> At 10:56 3/29/96 +0100, you wrote:
> >Then, at the end of his page he had the following keywords repeated
> >
> >California
> >Northwest
> >Animation
> >Promotion Web Site
> >Development Web Site
> >Knitter Web
> >Money
> >
> >about 50 times each..
> >
> >okay, so the action to take in his case is obvious (deindex any siGHt(e)
> >beloning to him), but what is the general case to stop this? It's very
> >difficult as far as I can see. It's deliberate worthless junk, trying to
> >get in at the level of people who are providing worthwhile information
> >about california/web sites etc.
>
> Well, if you were to analyze the comments of a web page and compare the
> ratio of unique words to total words, you could cull a large percentage of
> these types of pages. Even better, you could use that metric to decide
> whether your indexer should include comments, which means you can still
> index the page, but without the bogus keywords.
Ugh. That is a bad heuristic. I use keywords to 'cover the bases' for
search engines. IOW I try to guess possible mis-spellings, alternative
spellings, related concepts that are likely to be searched on etc. The
result is perhaps twenty to fifty unique words that act as a 'wide net'
for those looking for information covered by the site. The primary defect
of whole body text indexing is that the people issuing search requests
are frequently very poor at actually generating *good* search requests
that will match all relevant information. You don't believe me?

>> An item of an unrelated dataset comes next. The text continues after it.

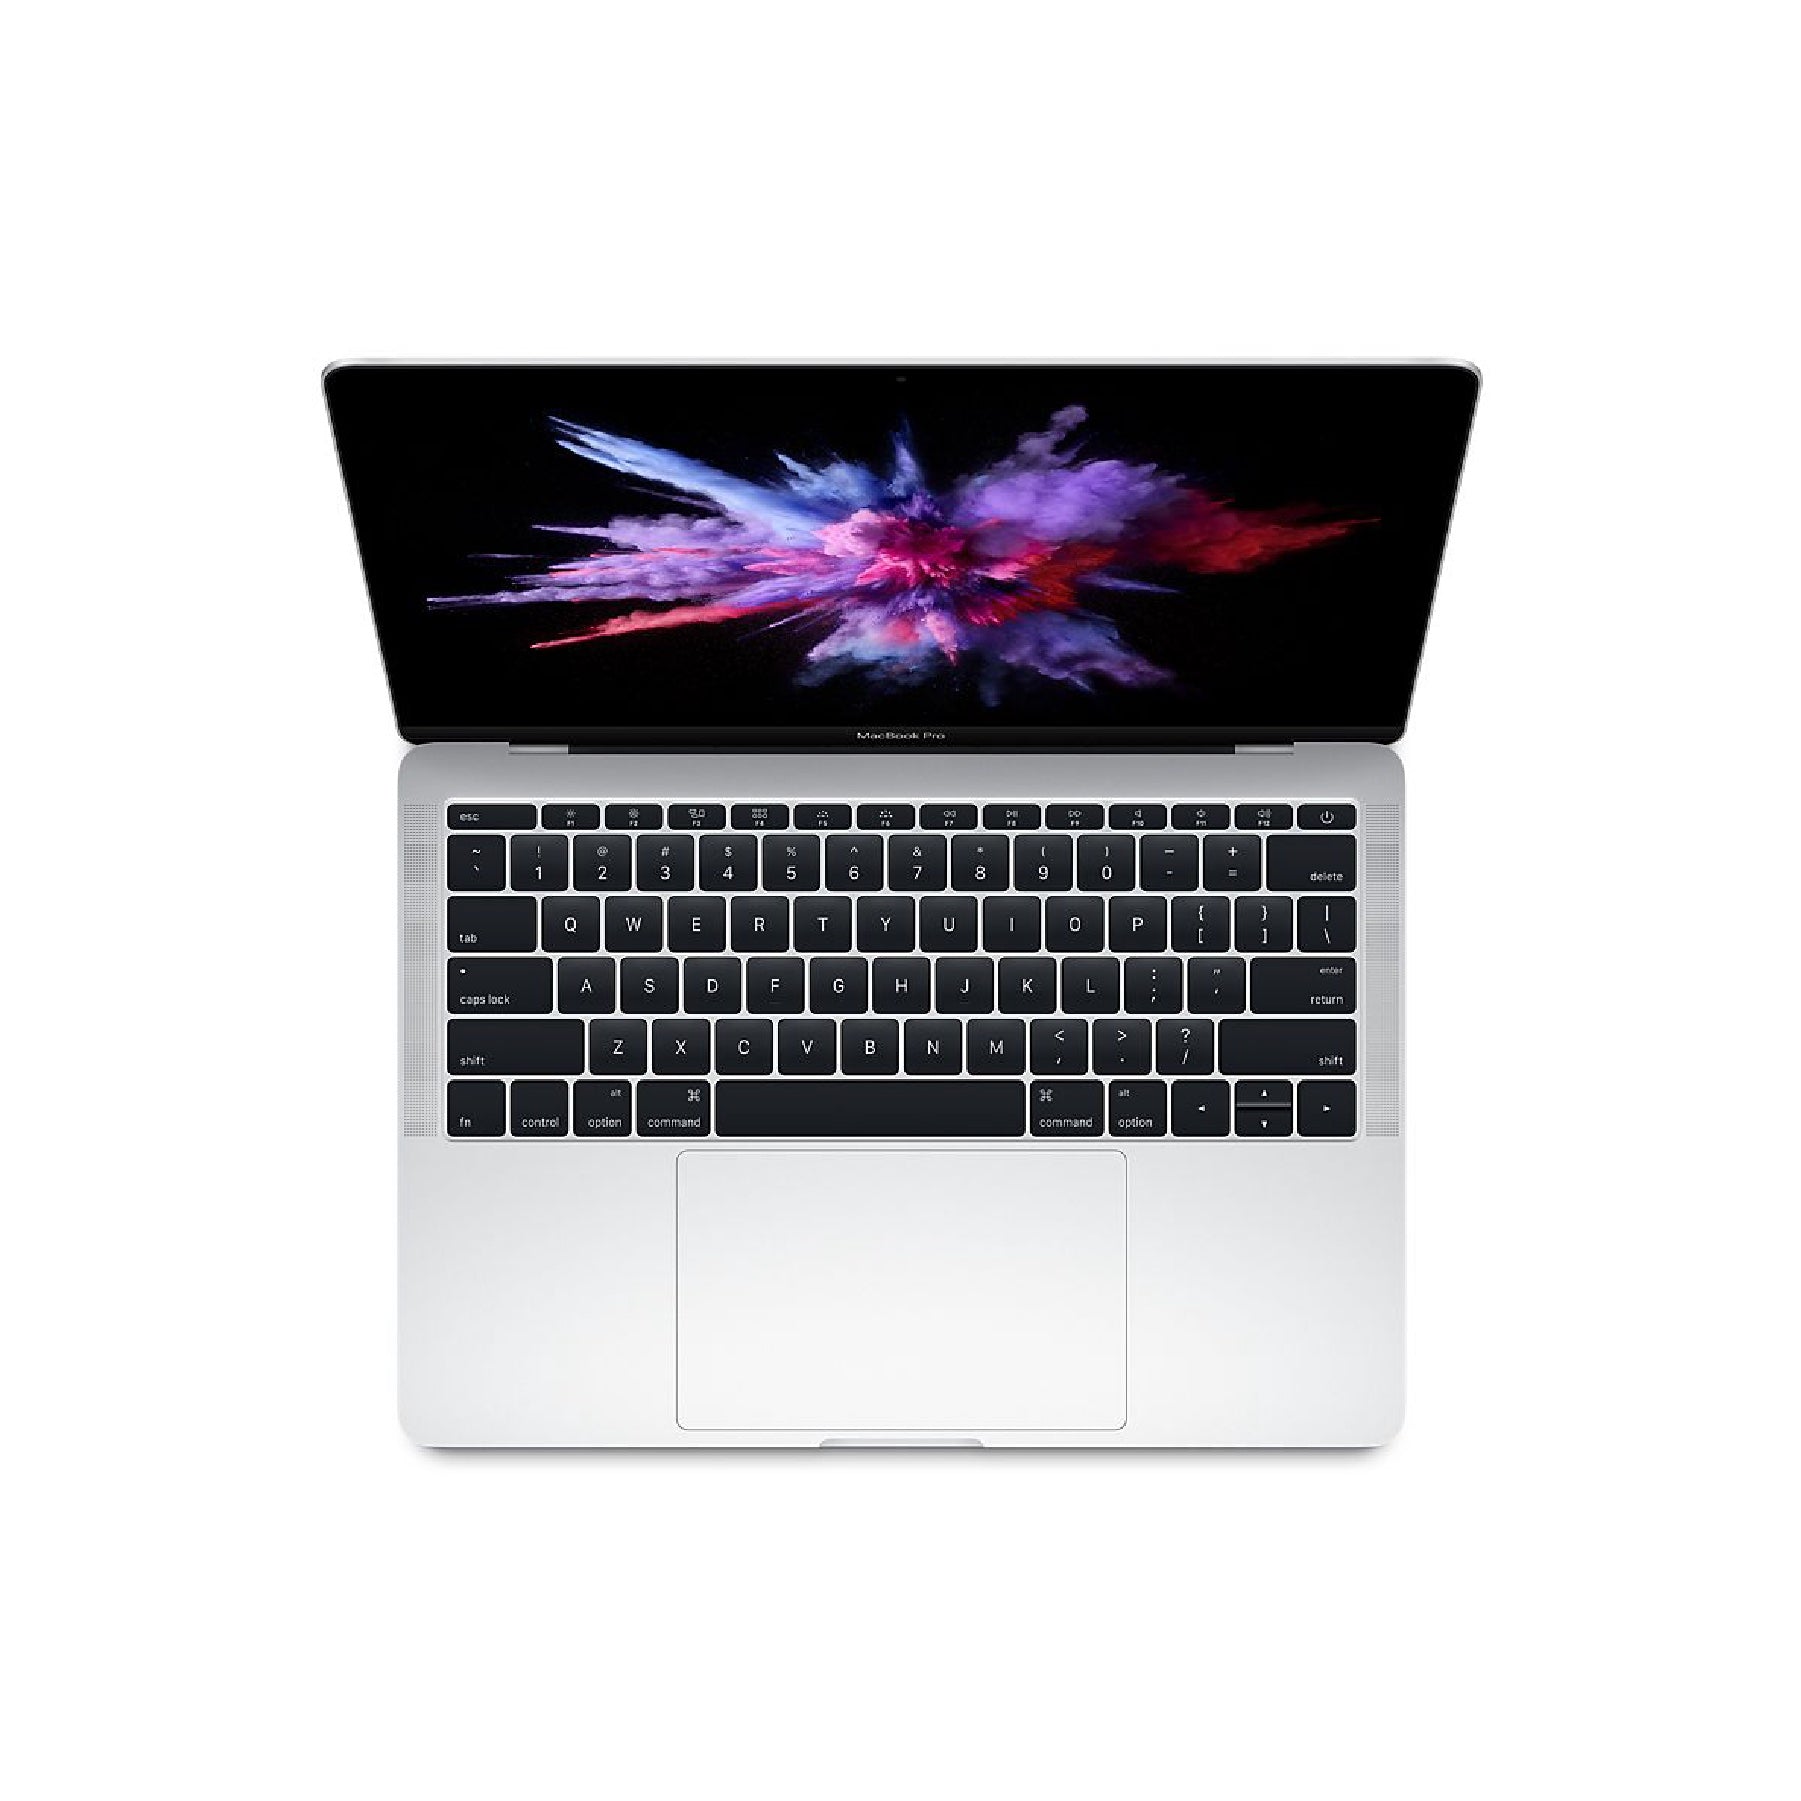 MacBookPro 2017 Two Thunderbolt ports

Try searching for information related to rabbits. As sample searches try
buns
bunny
bunnies
rabbit
rabbits
bunnyrabbits
"bunny rabbit"
"bunny rabbits"
buny
bunnys
devilbunnies ( >;-) )
The individual words usually cough up very different sub-sets of pages
related to rabbits. A *good* search request would look for all of them - in
the absence of such searches, I would keyword a page to all of them. And I
would be correct to do so. But your unique words rejection heuristic would
likely deny the page.
-- Benjamin Franz